# Attaching bands without grooves?



## treetoppredator

Hi, im in the process of making my first natural, and i was wondering if i can shoot bands without grooves? If so how should i attach them, and how should i shape the top of my forks? I did some "searches" but couldnt find the exact information. Any help would be appreciatted.

Thanks,

Clayton


----------



## Icelander

I need this exact same info. Thanks for beating me to it.


----------



## Charles

Just make your fork tips slightly rounded and as smooth as you can get them. You do not need to groove the fork tips to attach the bands if you are using small strips of rubber or rubber bands to make the attachment. I do not often make naturals, but here is a photo of one of my boo shooters:









There are no grooves on the fork tips. I just used a #32 rubber band and wrapped it tightly 4 or 5 times around the slingshot band and the fork tip. The rubber band is stretched, so it constantly exerts pressure on the slingshot band. There is ample friction to prevent the band from slipping. You will also note that the end of the slingshot band is actually doubled over, so at draw there is a layer of rubber between the active part of the slingshot band and the fork tip. That is in order to reduce friction on the active part of the band, and is not really necessary if your fork tips are very smooth.

When I was just a lad, we attached bands to the fork tips with string. If the fork tips were not grooved, the string would not hold the bands in place. If you are going to use string to attach your bands, you must groove your fork tips.

If you are going to use small diameter "Chinese" tubes, then you have to take very special care. Even with grooved fork tips and rubber band ties, the tubes will tend to slip from beneath the ties.









I have had good success running the small diameter tube through a short section of larger diameter tube and tying that on as I do with flat bands.

Cheers ..... Charles


----------



## treefork

I usually round the top of the forks so there is a smooth transition in direction to the band passing over the top of the fork. Sand them smooth. I then wrap with a strip of latex to the fork. The compression force of the latex multiples creating a strong attachment. Grooves are not necessary at all;


----------



## treetoppredator

Thanks for the help! Not having to put string grooves in this first one will take a little stress out of the project. It all had went fairly smoothly until this point, and I was afraid that I would screw up on those string grooves.
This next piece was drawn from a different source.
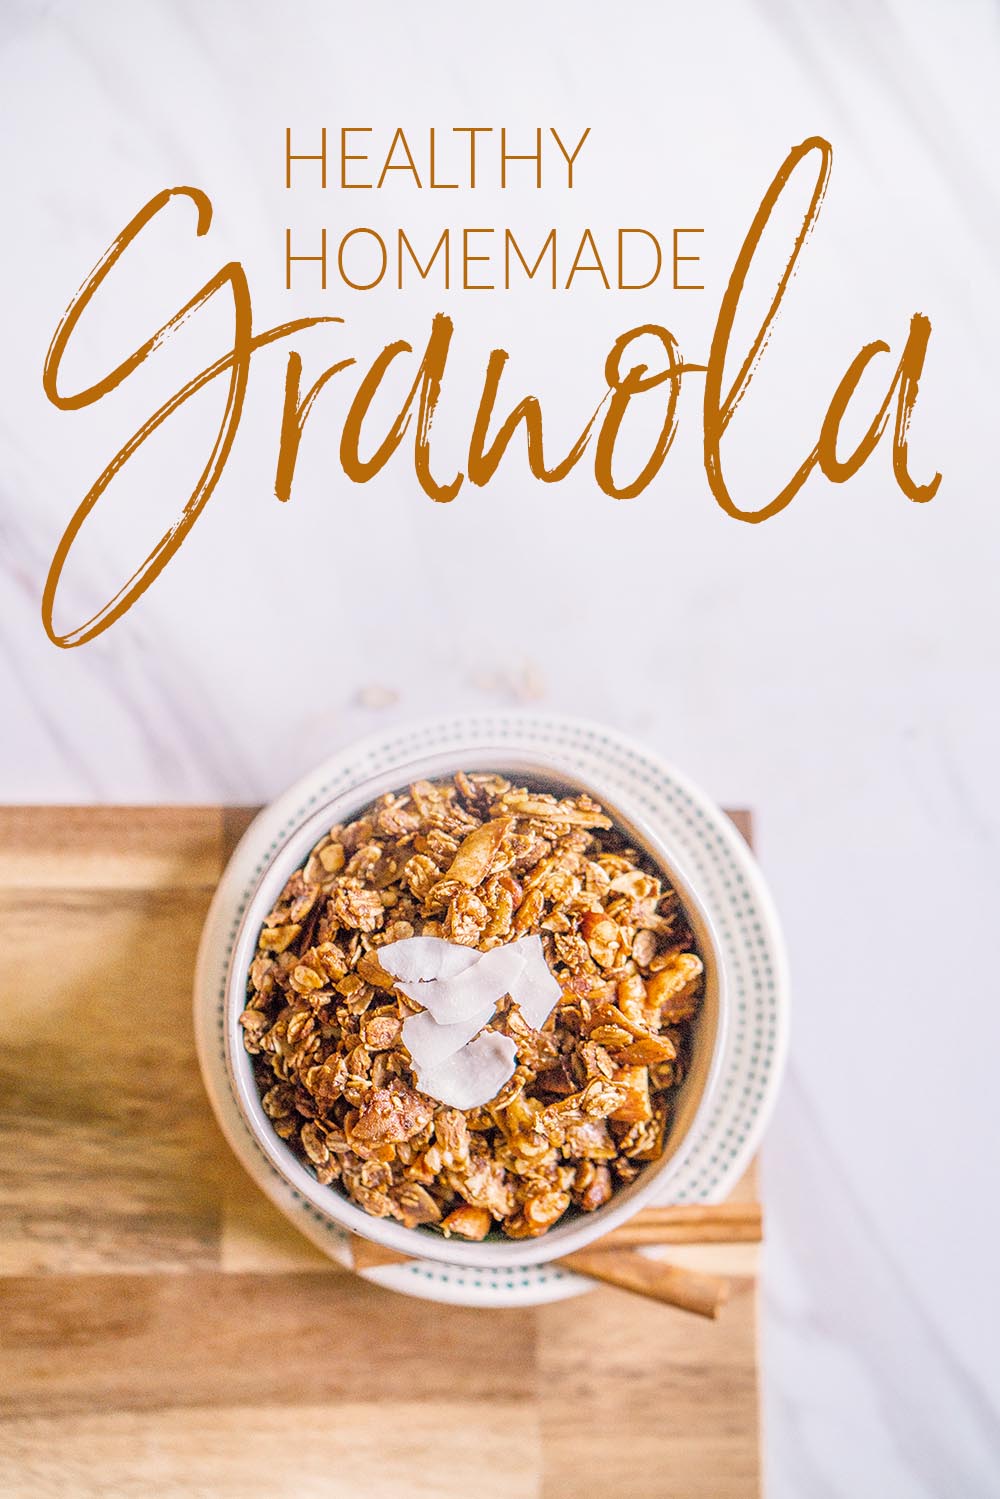 This healthy homemade granola is full of natural nuts and grains that are tasty and good for you!
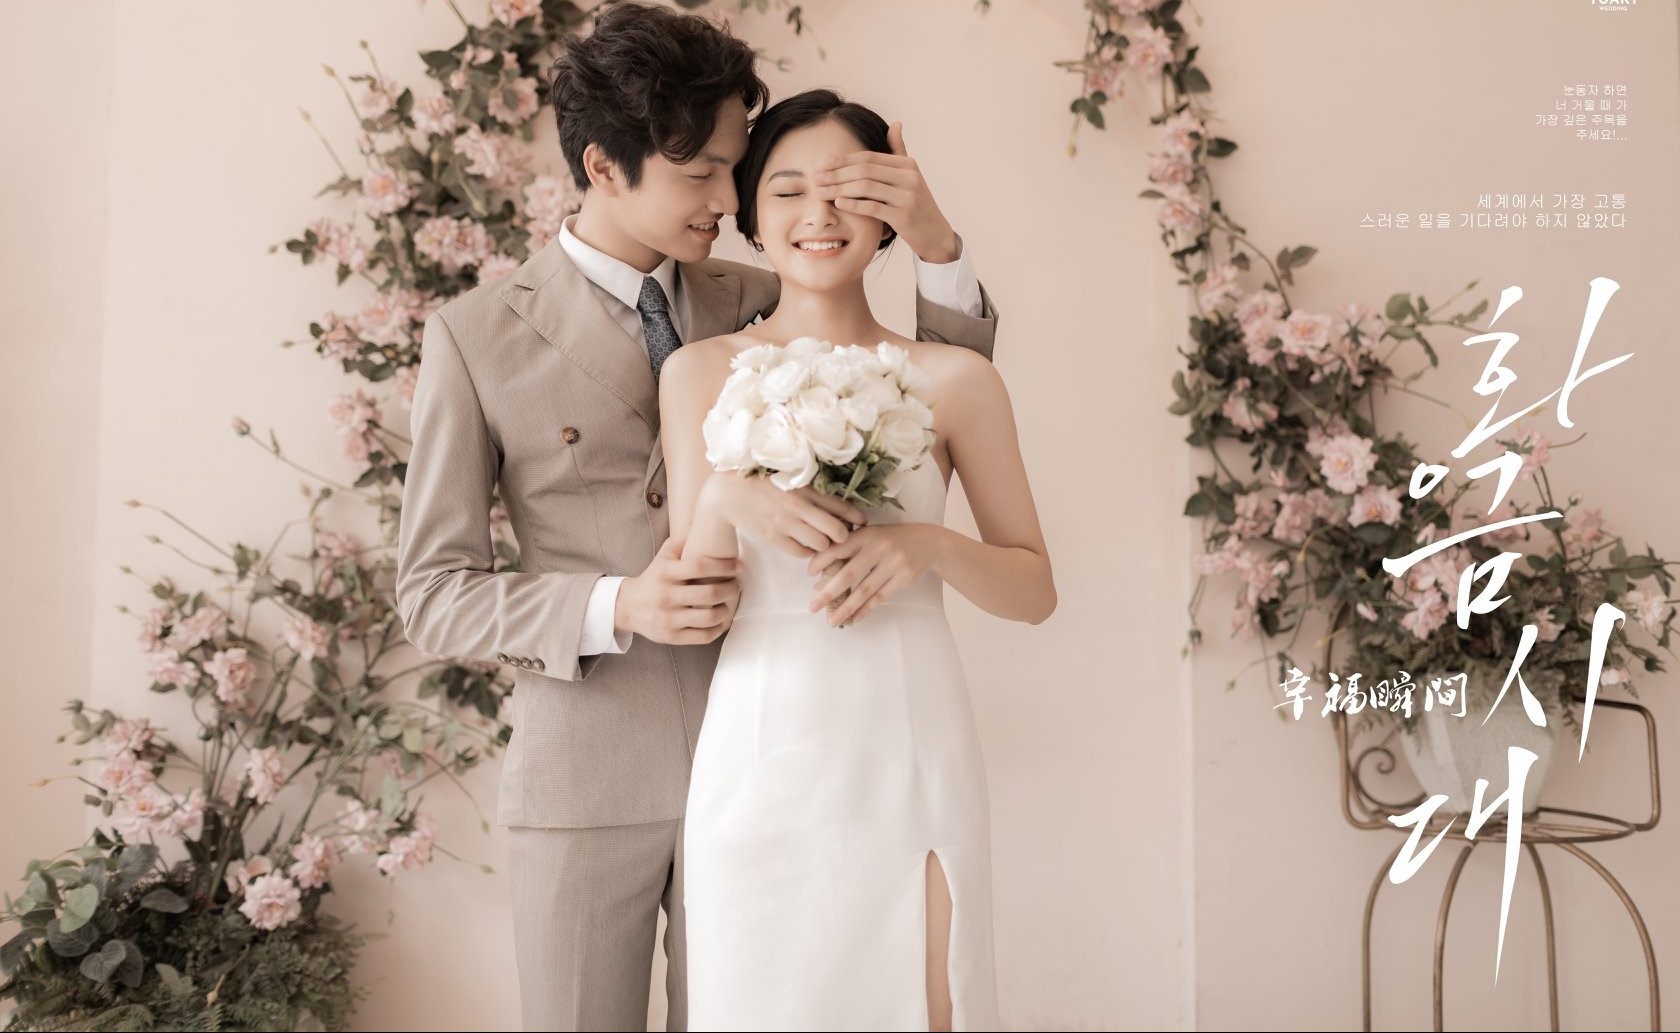 Chuẩn bị chụp hình cưới Hàn Quốc: Ready to shoot your dream wedding photos in Korea? Here are some helpful tips and things to prepare beforehand for a smooth and enjoyable experience. Discover the must-knows and prepare to shine in front of the camera.

Another question I forgot to ask was... Do both forks have to be the same diameter? I have on that measures 21mm and the other measures 30mm, just the way the osage grew.


----------



## Charles

treetoppredator said:


> Thanks for the help! Not having to put string grooves in this first one will take a little stress out of the project. It all had went fairly smoothly until this point, and I was afraid that I would screw up on those string grooves.
> 
> Another question I forgot to ask was... Do both forks have to be the same diameter? I have on that measures 21mm and the other measures 30mm, just the way the osage grew.


This is more of an aesthetic consideration. As long as you can hold the fork tips square to your target, and as long as the tip to pouch distance is the same on both bands, there should not be a problem.

Cheers ..... Charles


----------



## pop shot

i don't know what happened, but the search function really sucks now.


----------



## SimpleShot

pop shot said:


> i don't know what happened, but the search function really sucks now.


Good thing we have the newbie section this is posted in. I can't imagine all the flaming that might happen if these simple questions were asked elsewhere with a screwed up search function at fault 

and to the point of the original question...

Like Charles said, so long as rubber ties are used, band grooves are not really necessary and a lot of folks feel as though band grooves detract from the aesthetic of a natural fork.


----------



## Adirondack Kyle

No band groves, never had a problem, just like my pops used to say, wrap it up good!!


----------



## Adirondack Kyle

I actually think they reduce band slaps because i can tie them as high up on the forks as i want,
But, if i making one for someone else, i do cut the band groves,
It just gives new shooters piece of mind,


----------



## Arturito

the grooves makes me feel confident not to receive a band hit in my face ... completely subjective from me ...


----------